I feel like I’ve been using more personal energy this year (new job, biking more, projects around the house), but apparently America used less energy this spring than it has in over 30 years:
Overall U.S. energy consumption dropped 14% during April compared to a year earlier, the energy administration said. That’s the lowest monthly level since 1989 and the largest decrease ever recorded in data that’s been collected since 1973.
The largest drop previously seen was in December 2001, after the Sept. 11 attacks shocked the economy and a mild winter depressed electricity demand.
Natural gas bucked the trend with a 15 percent increase in use during the April lockdown. More people at home meant more demand for natural gas as a heating fuel, while relatively few homes are heated with coal or oil, said Brett Marohl, who helped produce the energy administration findings.
Petroleum consumption fell to 14.7 million barrels a day in April, down almost a third compared to the same period in 2019. Demand already has rebounded some after stay-at-home orders expired and large sectors of the economy started moving again [Matthew Brown, “US Energy Use Hit 30-Year Low During Pandemic Shutdowns,” AP, 2020.07.29].
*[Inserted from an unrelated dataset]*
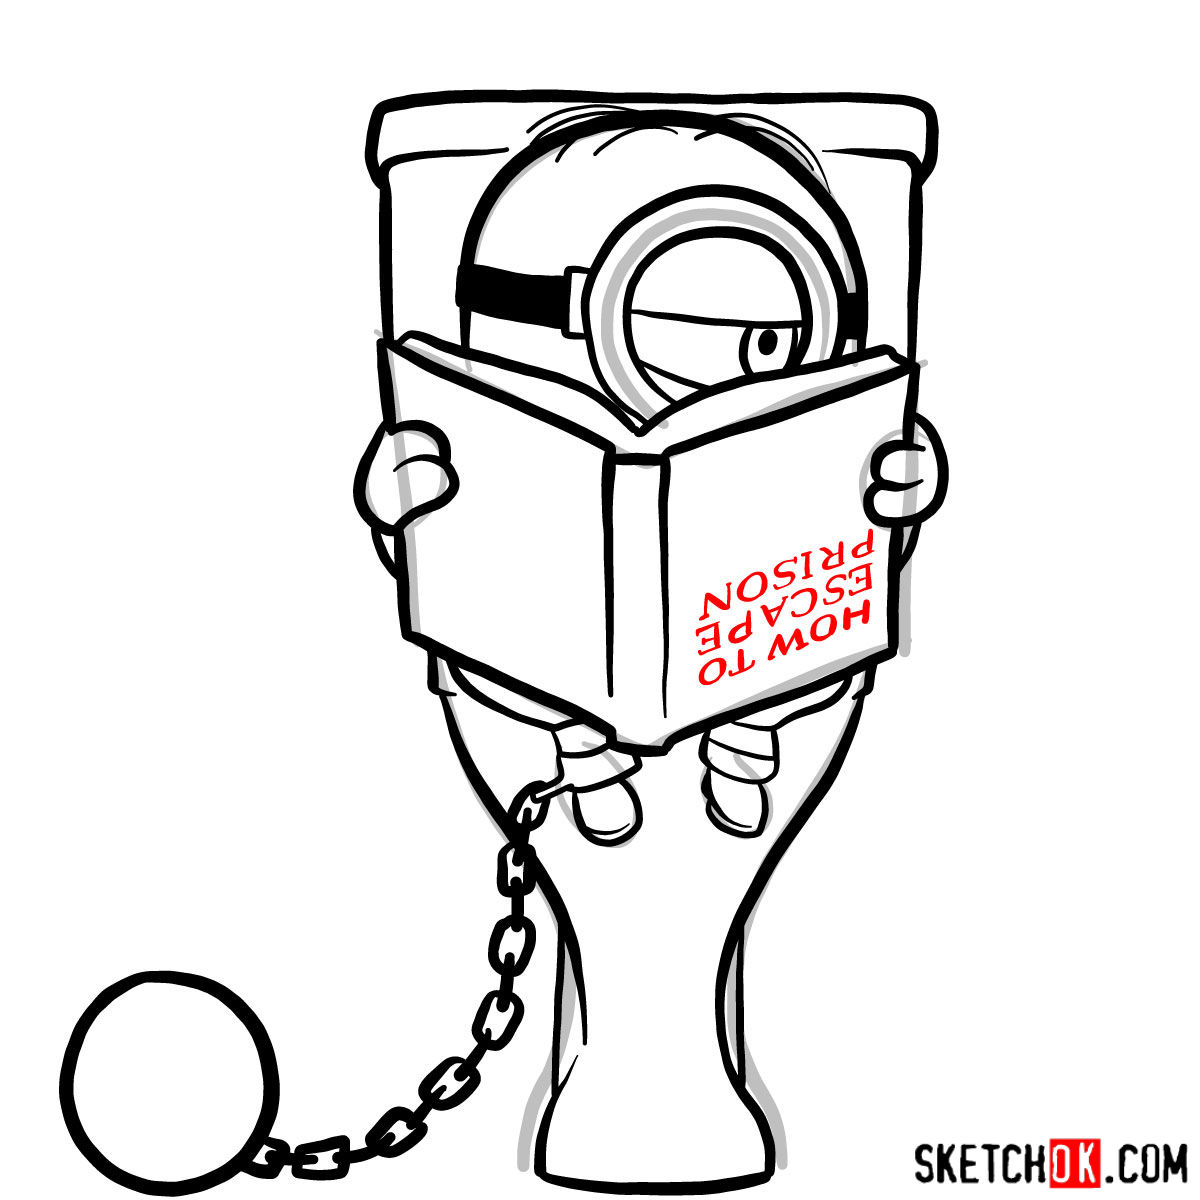 How to draw minion in the toilet reading a book - step 10

The overall energy consumption graph looks a lot like our GDP graph:
Our electricity consumption has stayed flat for the last decade:
But the coronavirus recession has only extended coal’s long decline:
Remember: burning coal and other fossil fuels increases air pollution, and air pollution makes coronavirus and other diseases worse. Staying home and using less energy makes the air cleaner, and cleaner air means less coronavirus impacts.
It was also a cool spring, which might explain some of the natural gas useage increase.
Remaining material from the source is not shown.